Data Science Institute

Christelle Alvarez

Assistant Professor of Egyptology

Biography

Christelle Alvarez's interests focus primarily on ancient Egyptian philology, epigraphy, beliefs and practices, and the socio-historical context of the 3rd millennium BCE. She is a member of the Mission archéologique franco-suisse de Saqqâra (MafS) since 2011 and directs the fieldwork at the pyramid of king Qakare Ibi (8th Dynasty c.2150–2134 BCE) in South Saqqara. Her research is interdisciplinary, combining archaeological data and philological analysis supported by literary theories and epigraphy, while considering the socio-historical contexts in order to better comprehend and situate the world’s oldest surviving corpus of religious texts known as the Pyramid Texts.

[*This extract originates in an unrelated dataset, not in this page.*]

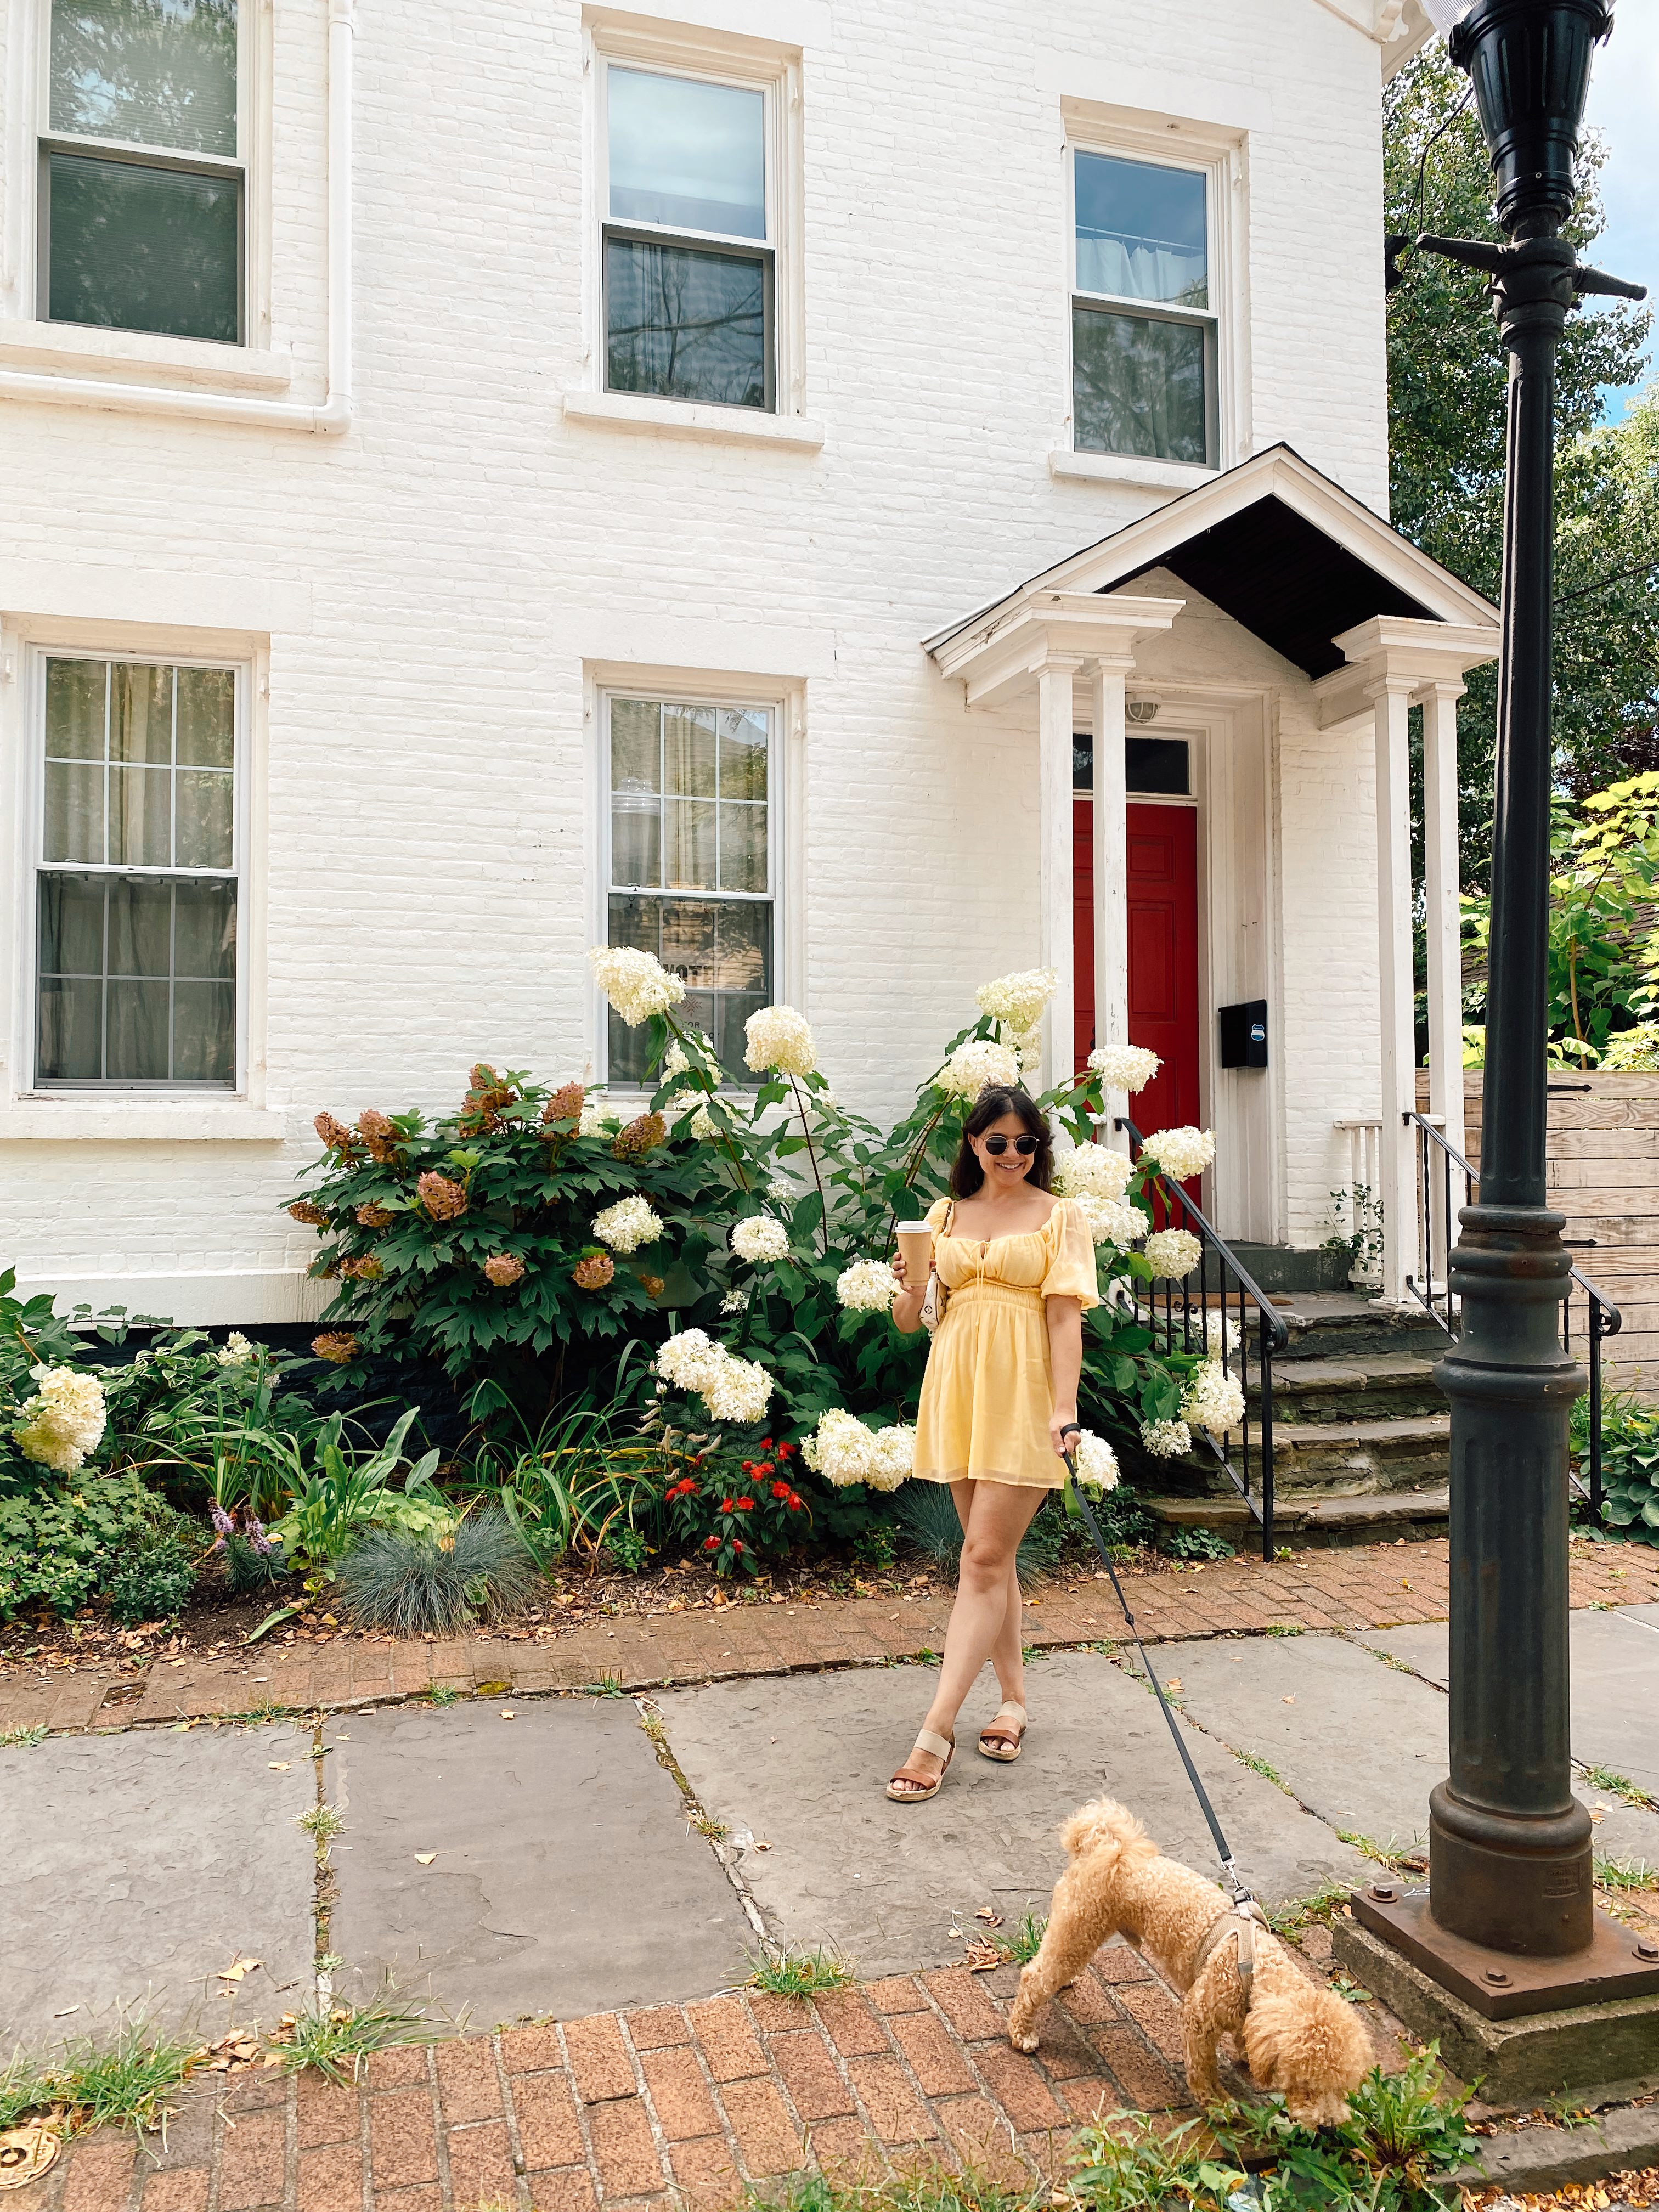 A woman wearing a yellow dress and walking her dog in front of a white house with a red door

Her current work includes the publication of the hieroglyphic ritual texts inscribed on the walls of the burial chamber of king Ibi based on the find of hundreds of new fragments and the reassessment of the architectural structure of the pyramid itself. She also works on a monograph about the Memphite tradition of inscribing pyramids and the development of mortuary literature at the end of the Late Old Kingdom.

She studied Egyptology and Coptic at the University of Geneva (BA and MA) and holds a MSt and DPhil from the University of Oxford. Before coming to Brown, she worked with the Collaborative Research Centre ‘Episteme in motion. Transfer of knowledge from the Ancient World to the Early Modern Period’ at the Freie Universität Berlin, funded by the German Research Foundation (DFG). She is also an active member of the Centre for Manuscript and Text Cultures at the University of Oxford.

How does your research, teaching, or other work relate to data or computational science?

The aspect of my research most connected to Data Science is my analysis of the corpus of the Pyramid Texts (c. 2350–2150 BCE). This work is integral to my fieldwork, upcoming monographs, and a collaborative digital humanities research project: the Digital Pyramid Text Project, supported by the DSI grant 2024.


I have collaborated with a Data Science Fellow to develop a Data Science module for my graduate class, EGYT 2200, and am exploring ways to incorporate new modules into introductory classes, EGYT 1310 and 1320, which focus on learning ancient Egyptian hieroglyphic script. Additionally, I frequently collaborate with the OIT Center for Computation and Visualization, utilizing data-driven methodologies for visualization.

I see tremendous potential in applying machine learning to ancient languages and leveraging various aspects of data science to advance the study of ancient Egypt and the ancient world in general.